For Travers (1997a: 370), McConville et al (1994) have produced research that simply reflects their own understanding and values, meaning that it has not suc­cessfully conveyed the lawyers' point of view:

This results from the methodological basis of these studies which seek to make a general case by presenting decontextualized examples of practices they disagree with, rather than attempting to explicate or address how... defence lawyers understand the particular people and situations they encounter in the course of their day-to-day activities.

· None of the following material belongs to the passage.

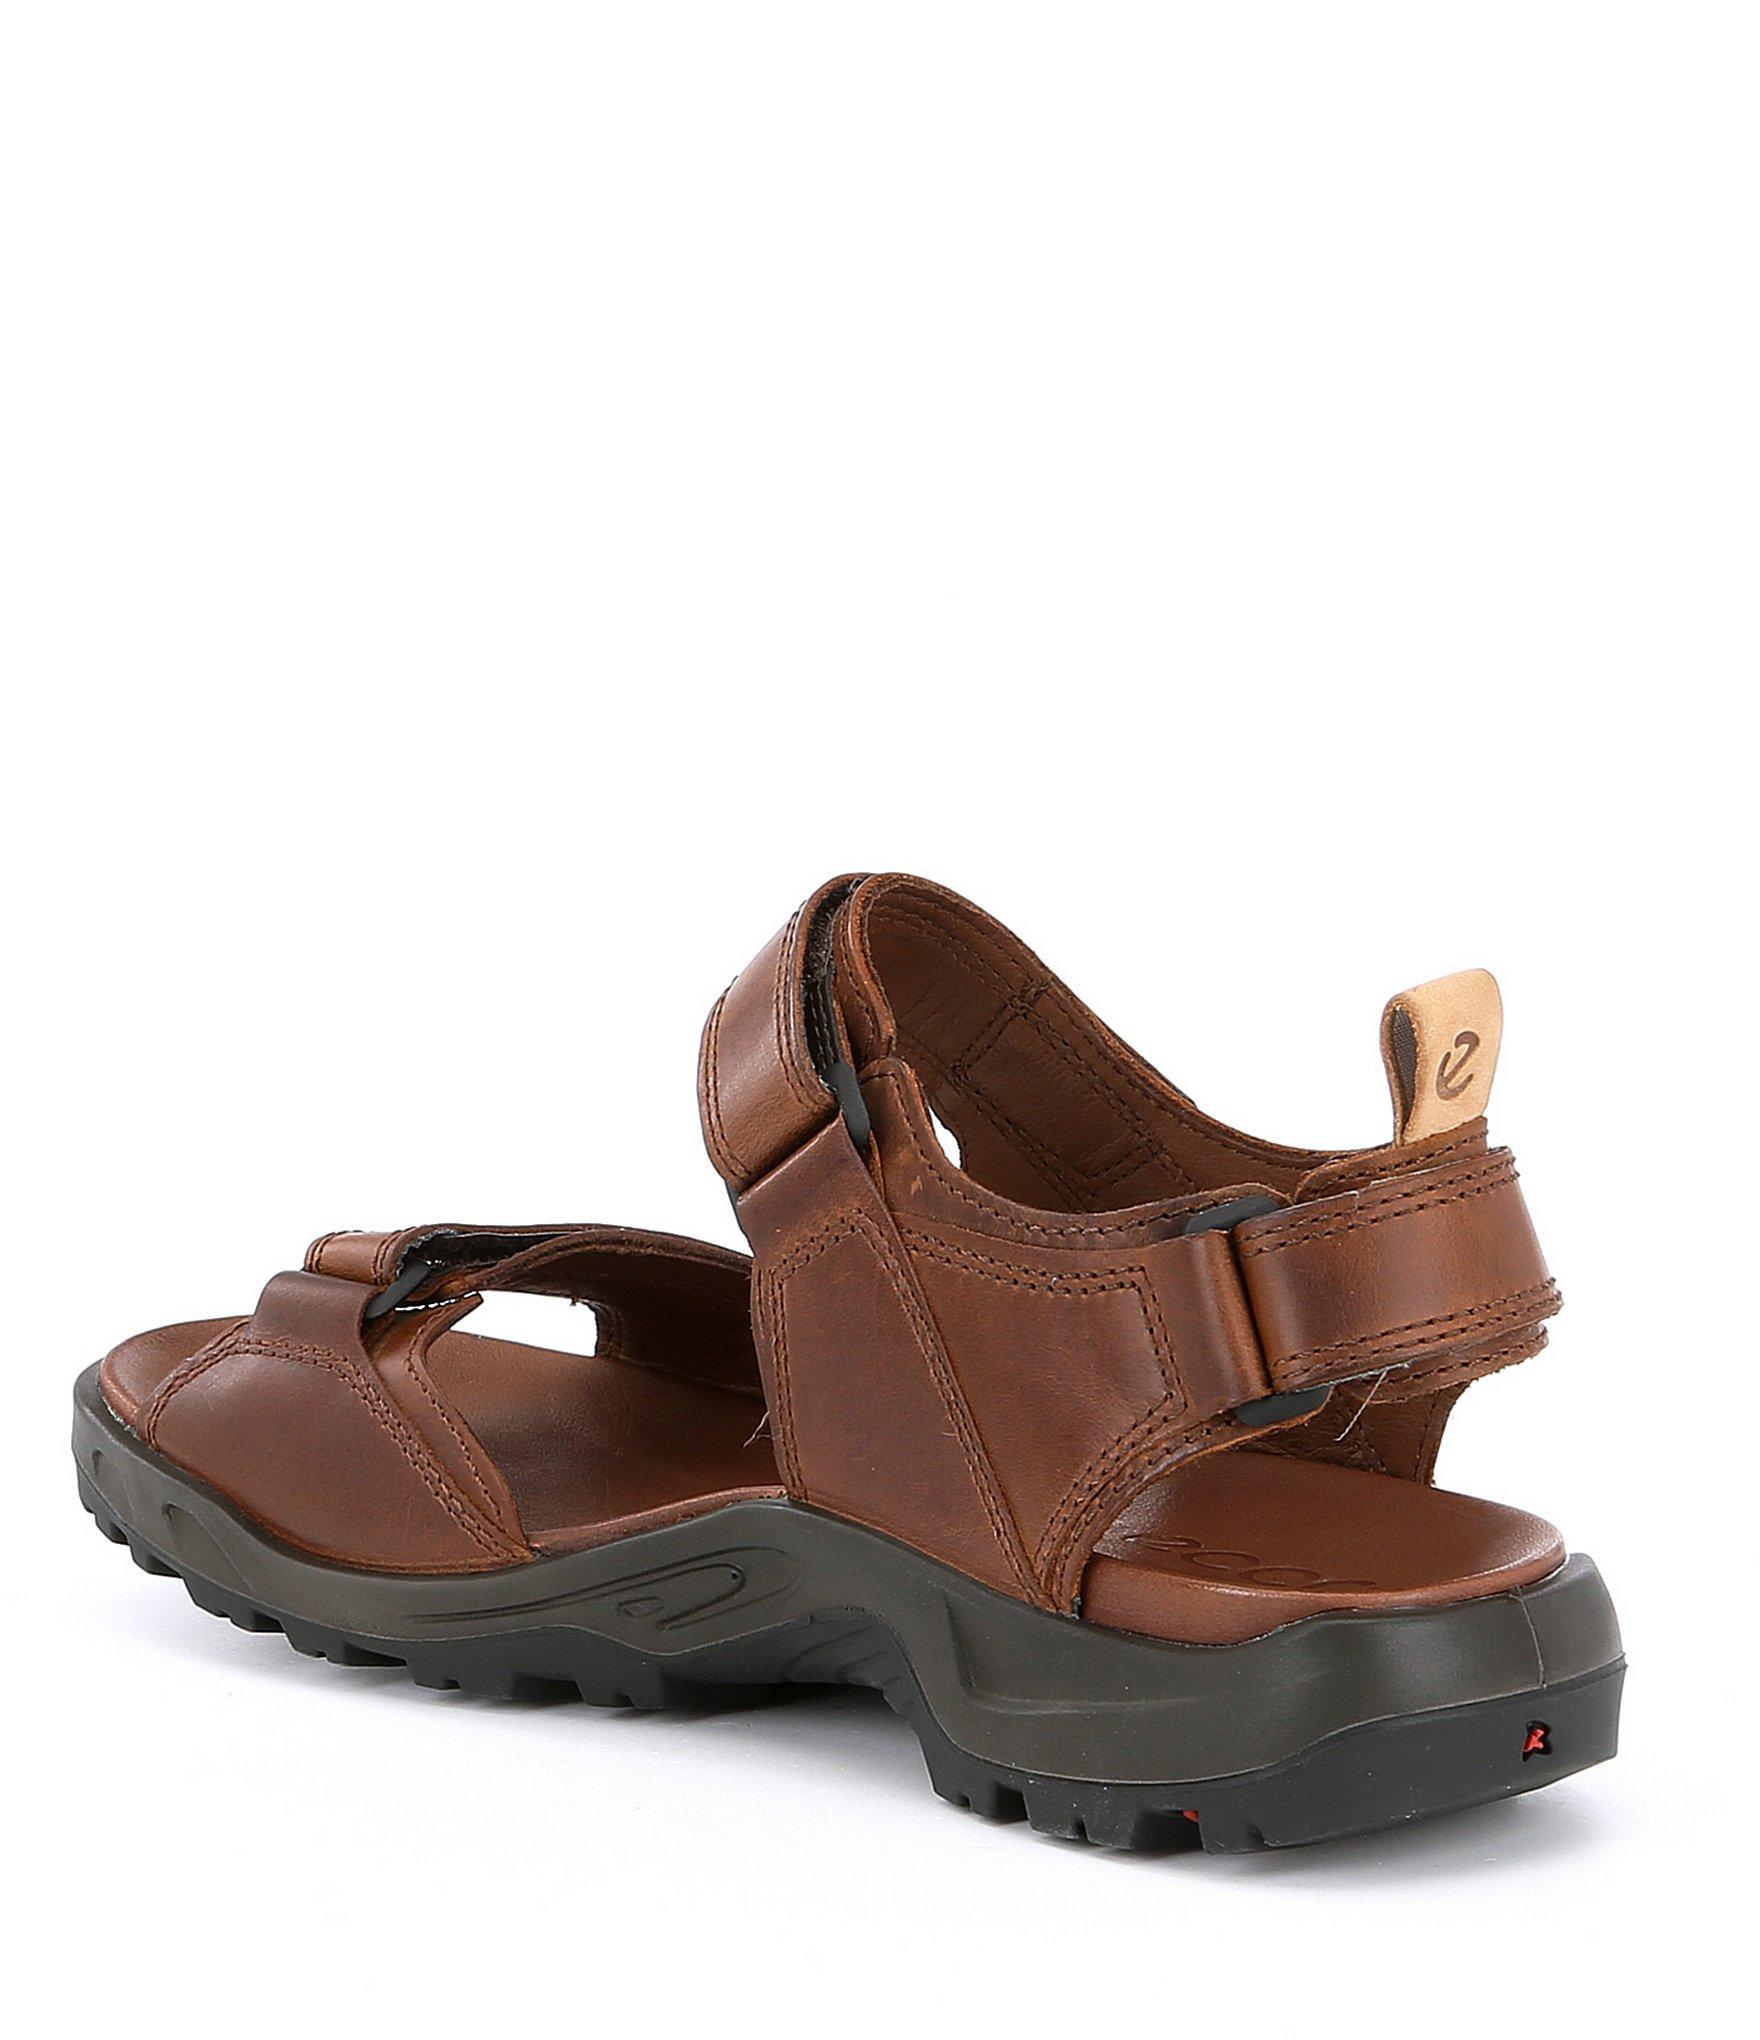 Offroad Brown Men Lyst Men's Premium For In Ecco Sandals Yg6f7bIyv

However, the authors of McConville et al (1994), reconstituted as Bridges et al (1997: 379), counter Travers' (1997a) criticism, and dismiss his own methodologi­cal stance, for the manner in which it carries:

The risk of an extreme relativism and individualization of findings, in which the researcher is left with no source of evaluation or criticism other than that derived from the ‘actor's point of view' and value systems. Such research can easily end up accepting at face values practitioners' own rationalizations for their (mal)practices.

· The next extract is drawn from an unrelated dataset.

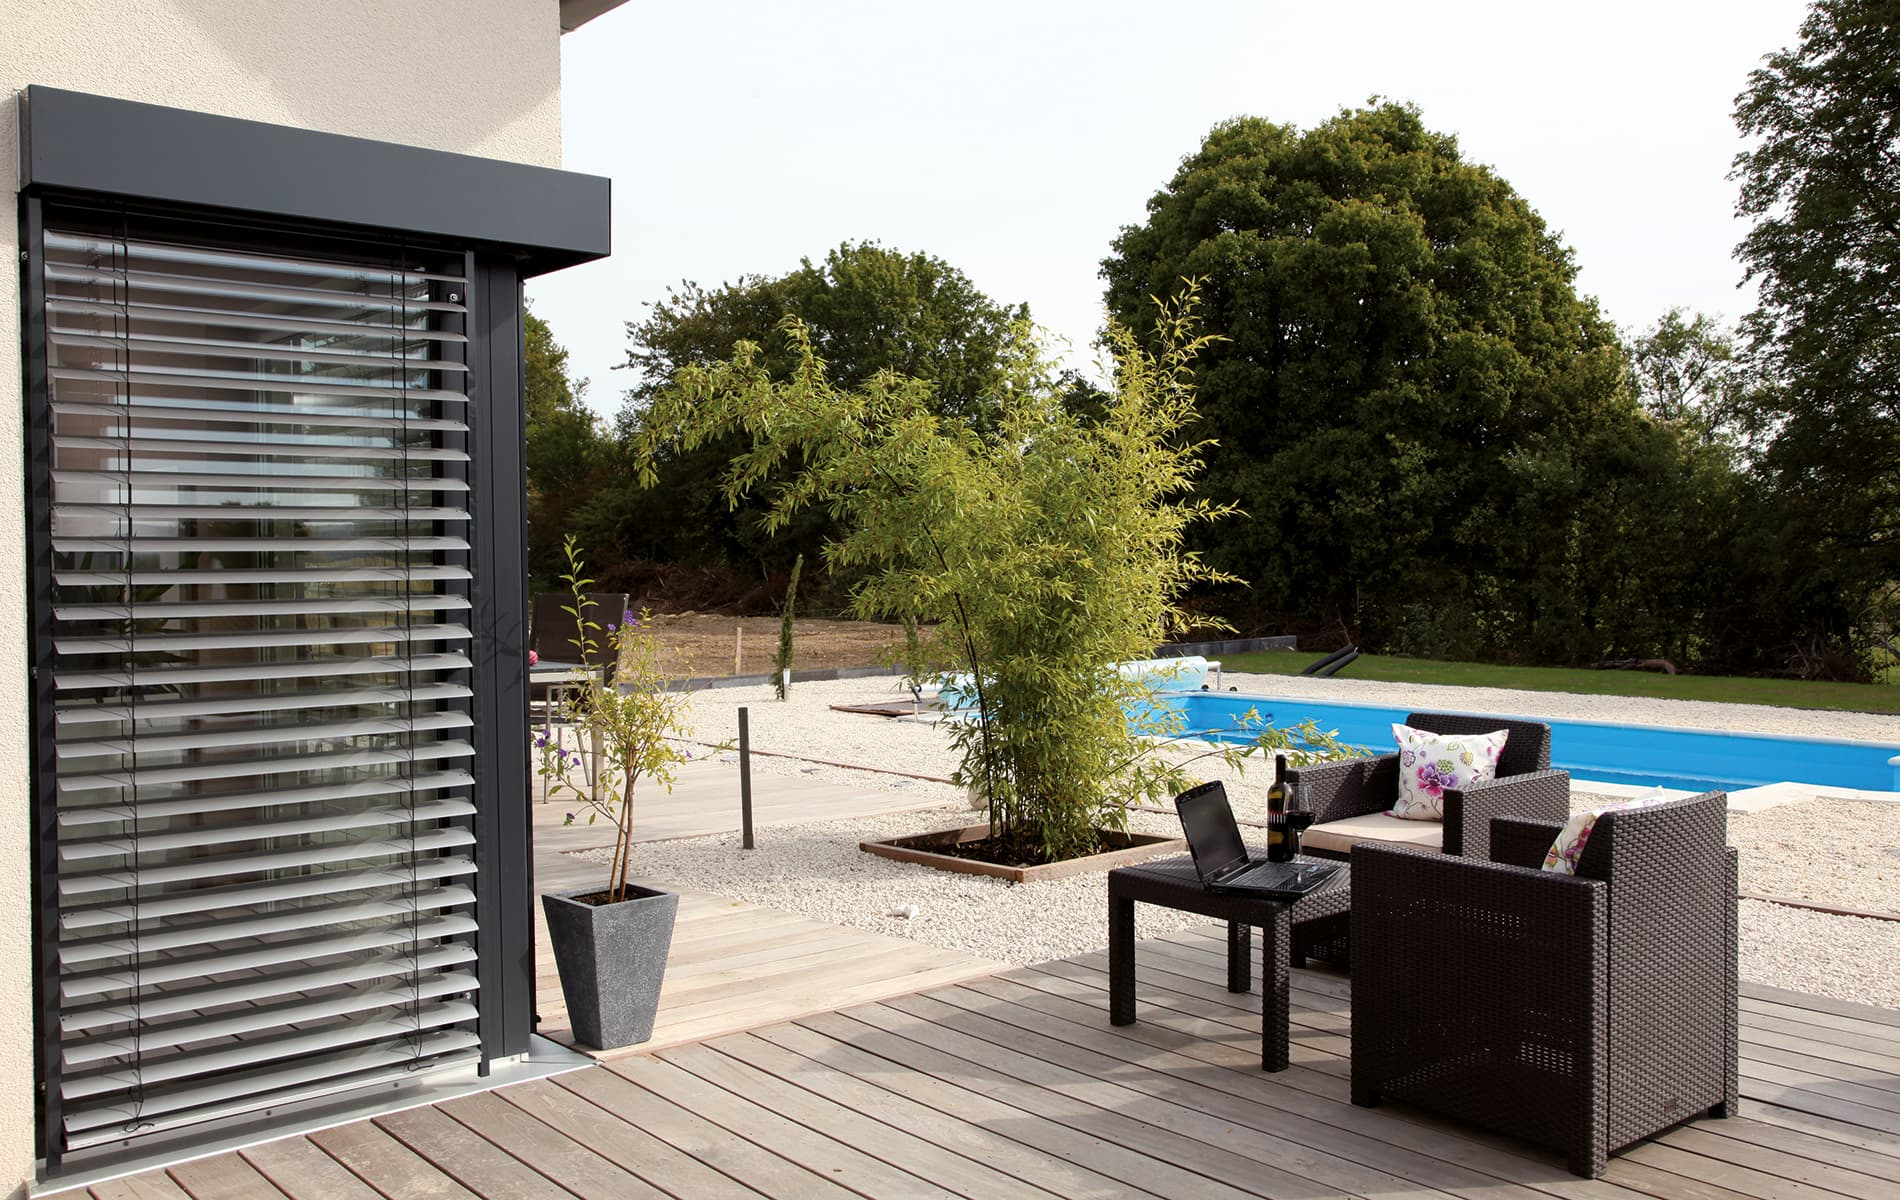 VIO - Terrasse mit Pool

These authors explain that they do not believe that the type of research Travers (1997a) advocates is able to produce worthwhile socio-legal scholarship (Bridges et al, 1997: 380-81). Indeed, for Bridges et al (1997: 379), research should influence policy and enact social change that, they insist, can only be achieved by taking a more critical slant by means of a ‘strategy that seeks to challenge the particular research subject's “taken-for-granted moral assumptions” '.

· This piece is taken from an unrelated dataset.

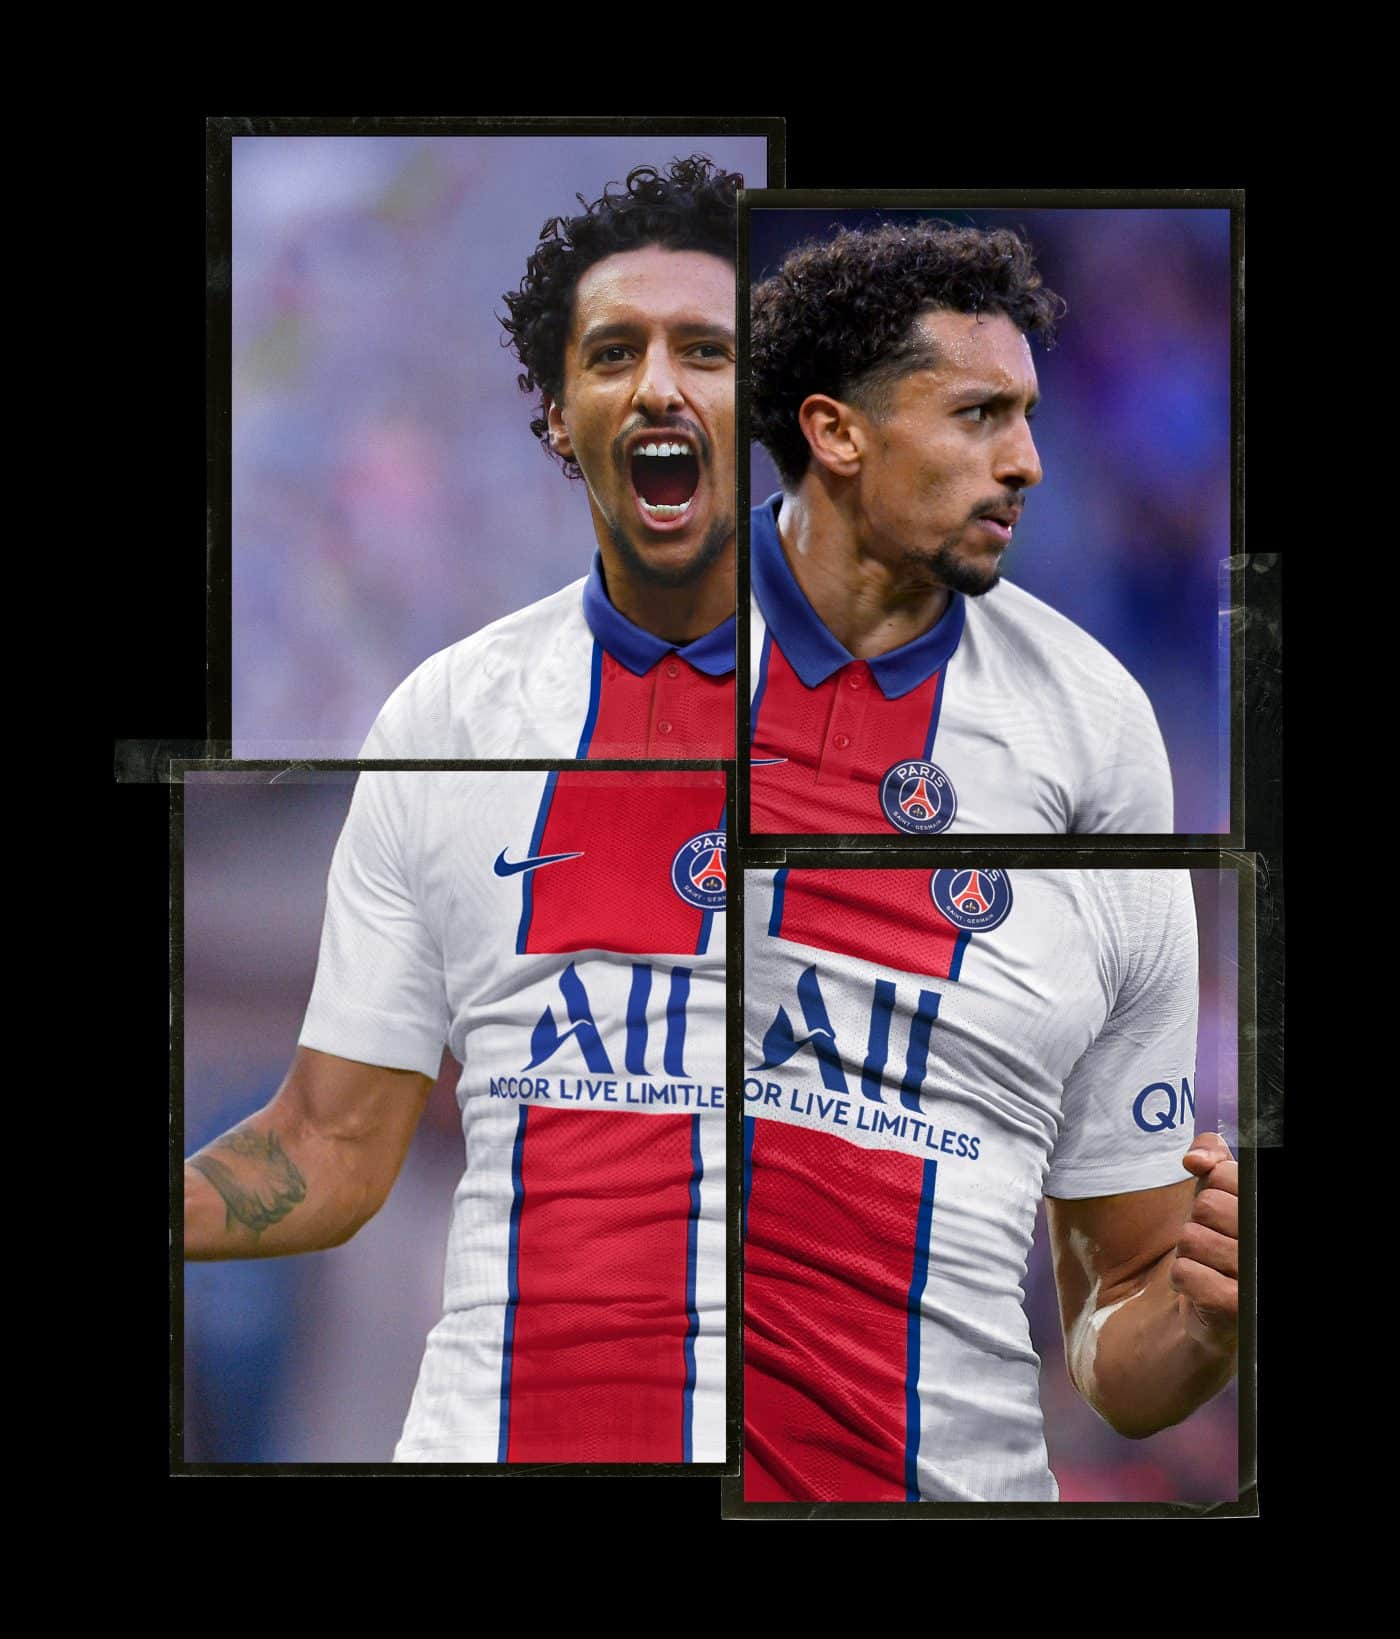 maillot-exterieur-psg-2020-2021-paris-saint-germain-nike-3

Both sides display strongly held ideological positions. This means that those designing research that follows in their footsteps need to be aware of the method­ological differences. As such, I offer this research following a full consideration of their differences, which I believe can be best understood to represent the variance between the structuralism of McConville et al (1994) and the interpretivism of Travers (1997b).

STRUCTURALISM AND INTERPRETIVISM

Both structuralism and interpretivism are labels, and represent numerous diver­gent schools of thought, from Marxism and functionalism on the one hand, to post-structuralism and interactionism on the other. Any attempt to impose order on such variance will inevitably involve some level of caricature. However, there are threads which unite approaches on either side and, as such, several schema have become commonplace (see Archer, 1982). These have conceptualised the divide in various fashions, most prominently as the distinction between ‘structure' and ‘action' or the discrepancy of ‘macro' and ‘micro' sociology (Mouzelis, 1995: 22-23). There follows two particular amalgamations of structuralism and interpre- tivism offered in order to aid understanding of the differences between McConville et al (1994) and Travers (1997b) and the theoretical ground occupied by the present research.

In this dispute, the structuralist outlook is premised upon the development of largely politically motivated, theoretical frameworks that allow the attainment of privileged understanding (Glucksmann, 1974: 1-14). This approach can be best understood to represent a particular epistemological position called the ‘corre­spondence theory of truth' (Travers, 1997a: 366). Under this, the reality being observed exists independently of the observer and, as such, a researcher is able to capture and disseminate it accordingly. This is the dominant, mainstream approach in socio-legal studies. It can be found in work influenced - in however roundabout a way - by two of the three most commonly cited ‘founding fathers' of sociology, Marx and/or Durkheim; scholarship that seeks to uncover the rules governing soci­ety (Turner, 1977: 1-2). The academic is able to use their skills to uncover some manner of objective truth.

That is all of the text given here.